Clarence Jordan: The man who inspired the Fullers' affordable housing movement

When Linda and Millard Fuller met Clarence Jordan during what was supposed to be a brief visit to Koinonia Farm near Americus, Ga., in 1965, their lives changed. And when the Fullers applied Jordan’s partnership principles to housing, hundreds of thousands of other lives changed through the affordable housing movement they launched in Africa in 1973 and before spreading the idea worldwide by founding Habitat for Humanity in 1976 and The Fuller Center for Housing in 2005.

The man who inspired the Fullers’ to help people obtain simple, decent housing through partnerships instead of handouts would have turned 100 on Sunday, July 29. Koinonia is celebrating Jordan’s legacy on Sunday and throughout the fall of this year, which also marks 70 years since Clarence and Florence Jordan founded the integrated Christian farming community with their friends Martin and Mabel England.

The Clarence Jordan Symposium is coming to Americus Sept. 28-29. The honoring of Jordan’s legacy will continue for a month that will include the Renovation Blitz Build at the farm Oct. 1-26 and the Koinonia Family Reunion Oct. 26-28. It’s all part of the Koinonia Farm 2012 Celebration being chaired by the Jordans’ son Lenny Jordan.

Kirk Lyman-Barner, The Fuller Center’s director of U.S. Field Operations, is serving as chairman for the Symposium, which is bringing together theologians, activists, academics and lay leadership influenced by Jordan and the Koinonia experiment that is going strong today.
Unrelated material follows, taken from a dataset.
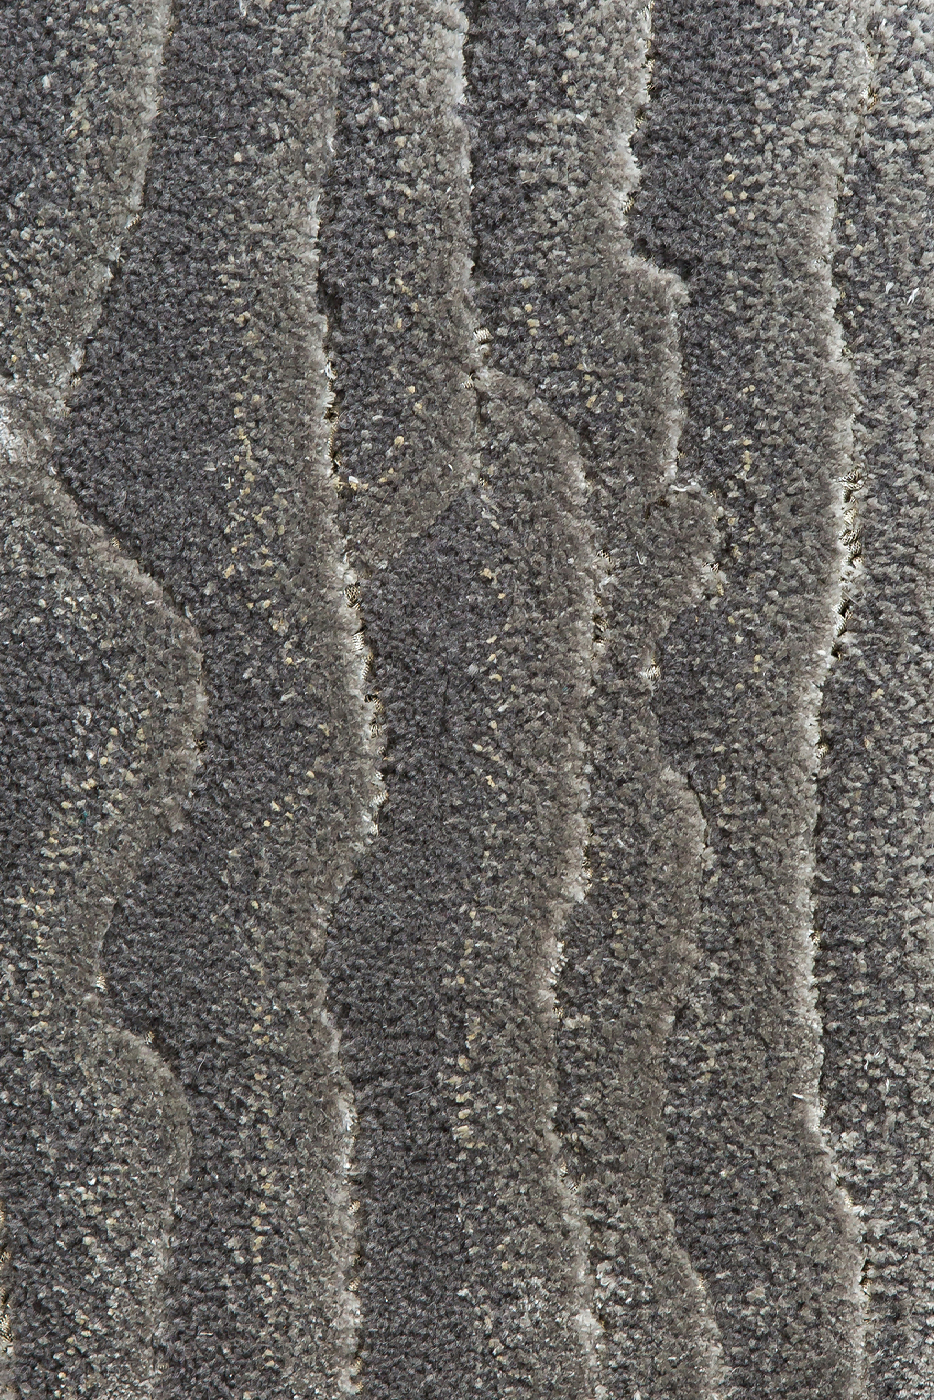 Yachting & aviation - Dunes by Ulrika Liljedahl
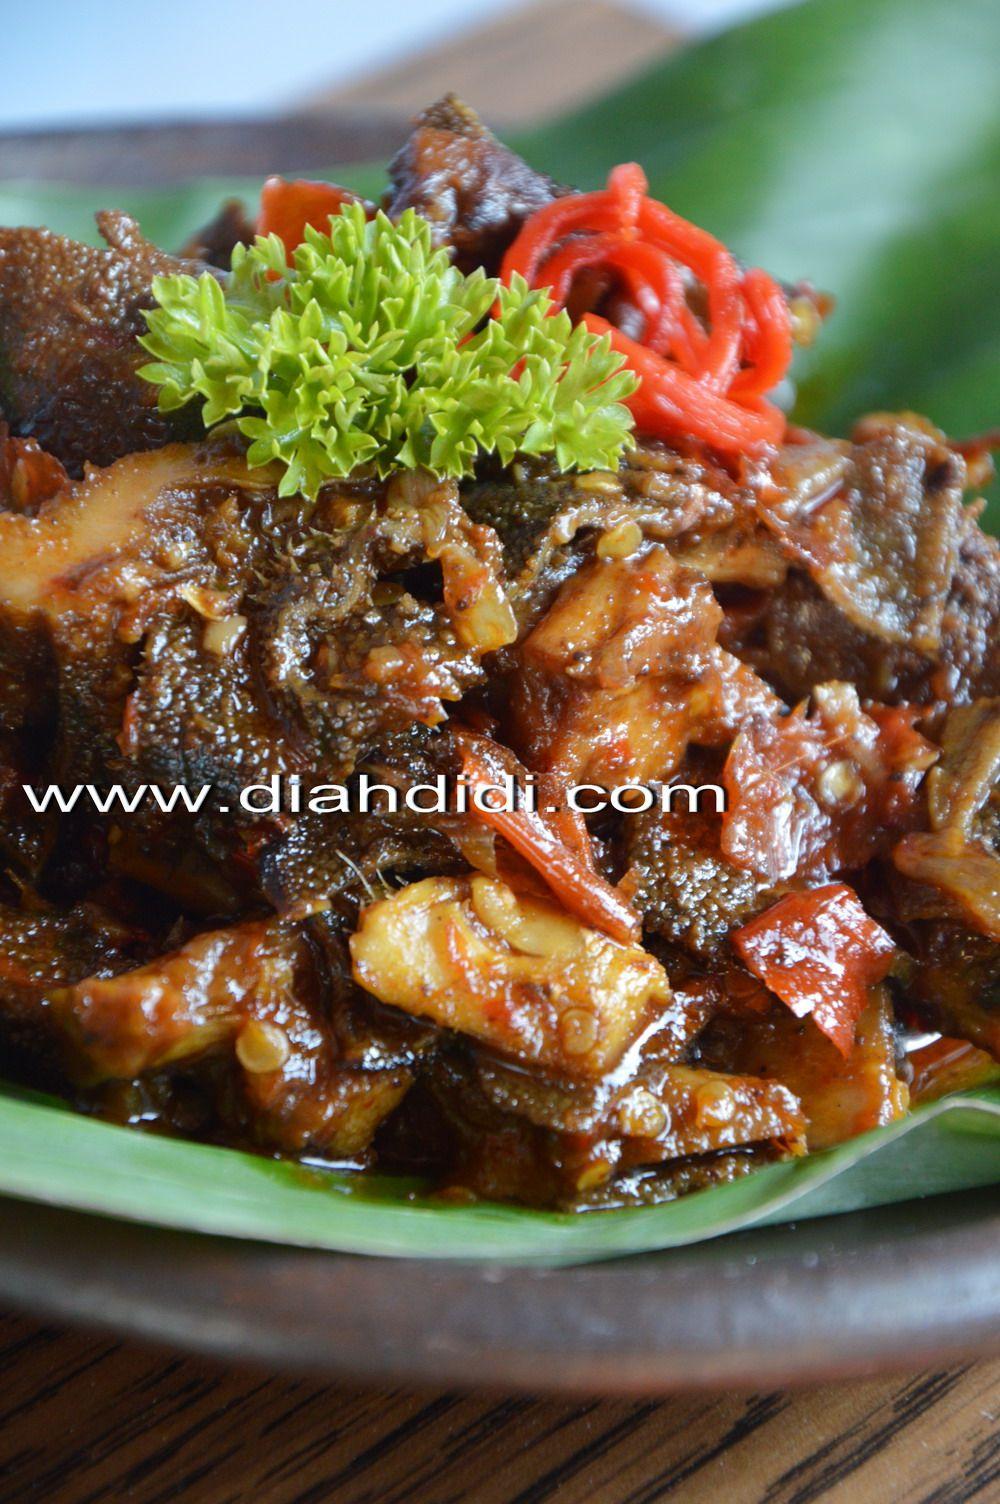 Diah Didi S Kitchen Inspirasi Menu Buka Puasa Sahur Hari Ke 23 Babat Gongso Versi Praktis Semarang Resep Masakan Resep Daging Resep Ayam Sehat

President Jimmy Carter and First Lady Rosalynn Carter are honorary co-chairs. Topics will include homiletics, partnership housing, environmental theology, racial reconciliation, civil rights, agriculture and more. Through his early days working with Habitat and now The Fuller Center, Lyman-Barner has seen how the Fullers put Jordan’s vision to work through partnership housing.

“It is hard to overstate the importance of Clarence Jordan to the modern affordable housing movement,” Lyman-Barner said. “Clarence first experimented with the idea of a ‘Fund for Humanity’ while in seminary in the 1930s. During a transformative moment that would define the future of Koinonia, Clarence reintroduced this idea to Millard and Linda Fuller and mapped out the vision in an October 1968 letter addressed to Friends of Koinonia that you can read in chapter two of Millard’s first book, ‘Bokotola.’

“Almost exactly one year later, Clarence passed away before the completion of the first partnership houses for Bo and Emma Johnson,” he added. “But Millard was gripped with the Fund for Humanity concept.

“Bokotola” tells the story of a grand experiment to put Jordan’s partnership housing idea to the test in Mbandaka, Zaire, now the Democratic Republic of the Congo. During a trip last year to visit a Fuller Center covenant partner deep in the Congo jungle, Lyman-Barner had the chance to stop in Mbandaka with a group of representatives from the Southeast United Church of Christ and see some of the houses the Fullers built there. Some of the houses are still occupied by their original homeowner families and remain in excellent shape.

“The homes stand today as one of the nicest neighborhoods in the entire city,” Lyman-Barner said. “I remember realizing that every time a homeowner makes a house payment on a Habitat for Humanity or Fuller Center mortgage, paying capital forward to help other neighbors in need, this is a quiet and simple witness to Clarence’s powerful idea that changed the world.”

Jordan, who would go on to write the “Cotton Patch Gospels,” earned a degree in agriculture from the University of Georgia before attending Southern Baptist Theological Seminary in Louisville, Ky. It was there in the 1930s that he came up with the “Fund for Humanity” concept. It’s the model for how The Fuller Center uses mortgage payments from homeowners’ zero-interest loans to help fund housing for others in need.

Though Jordan died before seeing the very first house constructed from his idea, more than 500,000 families worldwide have partnered with Fuller-founded organizations to obtain simple, decent housing.

The Fullers are now one of 33 individuals honored with medallions on the Extra Mile — Points of Light Volunteer Pathway in Washington, D.C., along with the likes of Dr. Martin Luther King Jr., Clara Barton, Susan B. Anthony, Frederick Douglass, Helen Keller and other people honored for making America a better place to live. Millard Fuller received the Presidential Medal of Freedom from President Clinton in 1996. At the time, Clinton said, “I don’t think it’s an exaggeration to say that Millard Fuller has literally revolutionized the concept of philanthropy.”

That revolution began quietly with the seeds of faith Clarence Jordan planted at Koinonia Farm and in the hearts and minds of the Fullers.